Wright collected samples from several records and cassettes from the 1960s, and had presented a few of the popular tracks to fit in the screenplay, that were later compiled into the album. Those tracks influenced several sequences in the film. The score and soundtrack received positive critical reception, and has received several awards and nominations.

== Overview ==

The music in Last Night in Soho is stuff that I feel very passionately about, and it's always a thrill to work with a song that you really love and in some cases do something interesting with it. I would be constantly cherry-picking these British mid-‘60s tracks I wanted to use that were all of a similar sort of tone and feel. I make a playlist for the film, as a way of reminding myself [...] At a certain point, the long version of the playlist was 300 songs long, and then I got it down to 50 or something like that.
— —Edgar Wright

Wright stated in his interview to the Variety that "it was a real gift, soundtracking it with that period, because I wanted to focus on a certain period of ‘60s music, the mid-‘60s — like '64-5-6 — and not have so much the psychedelic later ‘60s stuff, because I felt like that had been so well covered. I thought there was something about that moment just before the Summer of Love." He connected his fascination with 1960s music to his own life. Speaking to Entertainment Weekly, Wright said "When my older brother was born, at some point my parents stopped buying records. So I was left with one decade to think about, and I would listen to [the records] obsessively," he recalls. "And then their stories about the '60s were incredibly vague, so that made me want to know more and more."

Some of the songs inspired sequences in the film. When Wright heard a cover version of "Wade In The Water" by the Graham Bond Organisation, he "would just start imagining that first dream". Cilla Black's "You're My World" with its dramatic strings conjured up "the sort of the tone and the mood". Most of the songs selected were from the 1960s. Wright also chose "Happy House" by Siouxsie and the Banshees from the 1980s, because "the production on that song is incredible" and it fits a "scene in the movie where they are at a student union Halloween dance". Discussing the choice of contemporary music, he stated: "I like songs that become famous in a different realm. Like we use "Got My Mind Set on You" the original by James Ray, which most people know as the George Harrison cover. And a lot of people know "Happy House" because the Weeknd sampled it."

A cover of the Petula Clark 1964 international hit "Downtown" was performed by lead actress Taylor-Joy. Her version was released on 22 October 2021. Joy said "It's not every day you're asked to record several versions of an iconic song. The sounds of the '60s was what first made me fall in love with music so I was overjoyed when Edgar asked me to give it a go".

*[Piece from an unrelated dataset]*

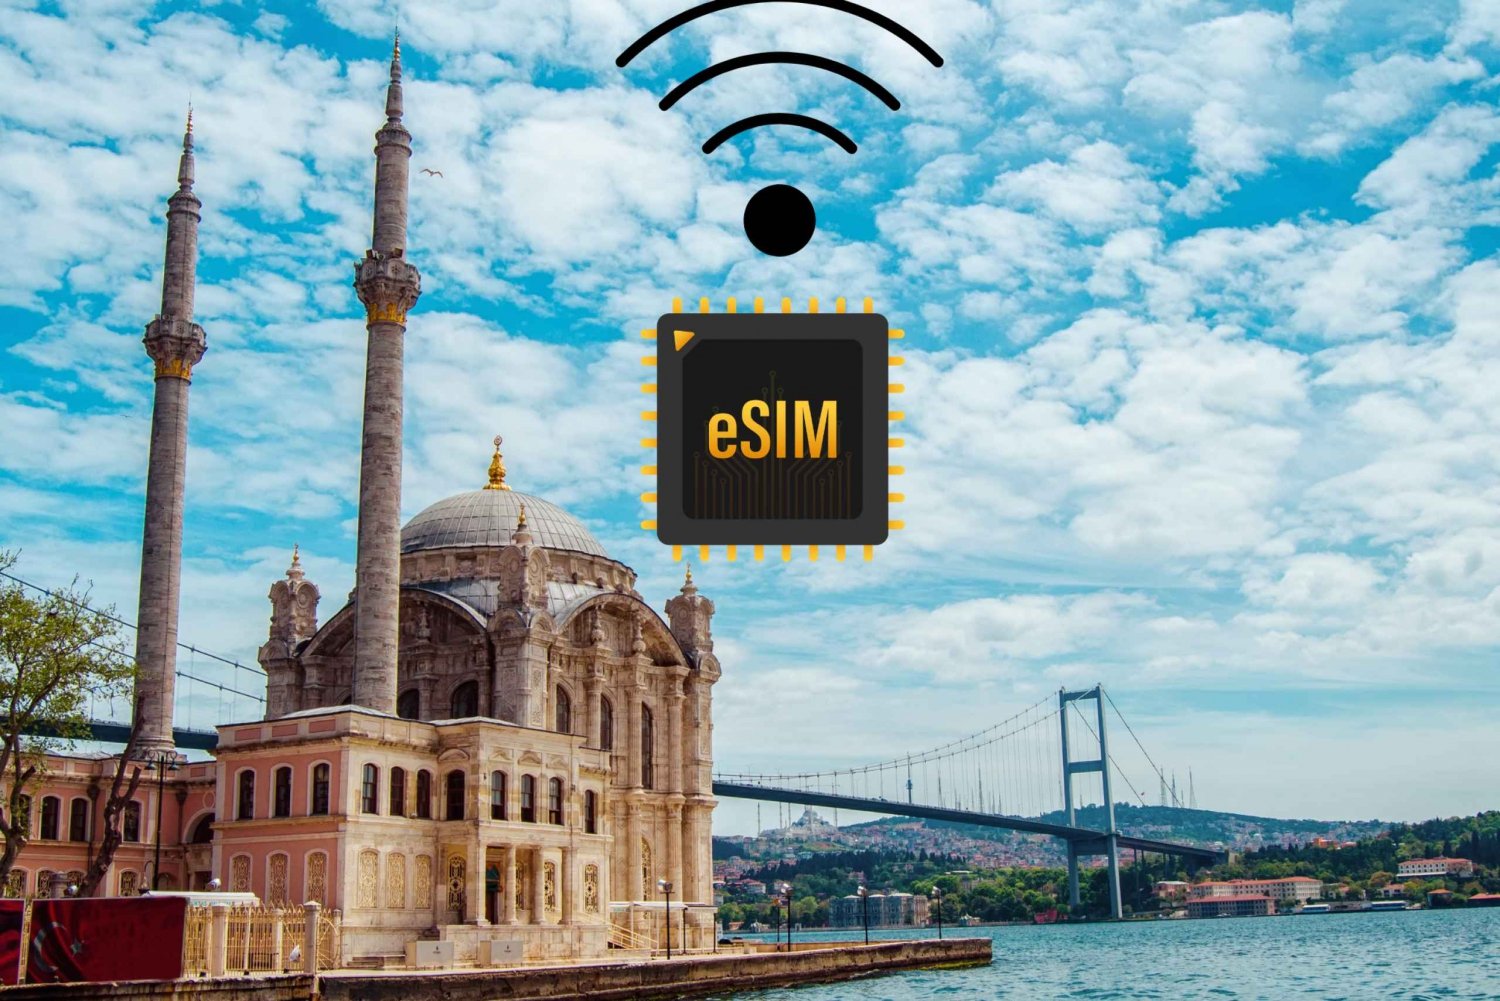 eSIM Tyrkiet: Internet dataplan med høj hastighed 4G/5G

"This is the first that we discussed it and it was great. We just kind of, you know, chose a tempo. … We changed the arrangement of the strings and we recorded this spooky version with all the backing vocals live in the room. Everyone playing together, really sort of a slowed down spooky version of "Downtown" which I then took away to my studio and added some of the sounds that are associated with the score. So there's mellotrons and a little bit of bass stuff and various keyboards and guitars that I played here. And then we got Anya to do another vocal on it, over in LA., and of course she was brilliant."
— Steven Price, in an interview to The Hollywood Reporter

== Reception ==
A critic from Vulture called the film "a love letter to 60's music" and added it was "Wright's soundtrack movie, even more so than Baby Driver". Collider reviewed: "What audiences can infer from these songs exactly is unclear, but if Wright's taste in music says anything, Last Night in Soho is sure to be dripping with sixties glamor — that is, before Eloise finds herself back in time and things go wildly wrong." The Times of India called it "a killer soundtrack that keeps you invested". Den Of Geek reviews stated "Last Night in Soho may well be a modern ghost story classic, but the soundtrack will always be a haunting reminder". Zanobard Reviews wrote about the film's score, saying "Steven Price's densely atmospheric score for Last Night In Soho is incredibly well made, and while at times it can be a little difficult to listen to (see the rather harsh nature of some of the full-on horror setpieces), the jazzy orchestral style and sheer ambience that grounds the album firmly in 1960s London are frankly a joy to experience, and make the score overall more than worth the price of admission. The orchestral style overall is also truly something to behold as it sounds simply gorgeous throughout, and the way it mixes and changes places with the electronics at various intervals through the score is of particular highlight." InDaily-based Penelope Debelle wrote 'Music is once again the key in Baby Driver director Edgar Wright's Last Night in Soho. This music-drenched, neon thriller takes us back to Swinging London in the '60s, reminding us of the uncomplicated pleasures of pop songs".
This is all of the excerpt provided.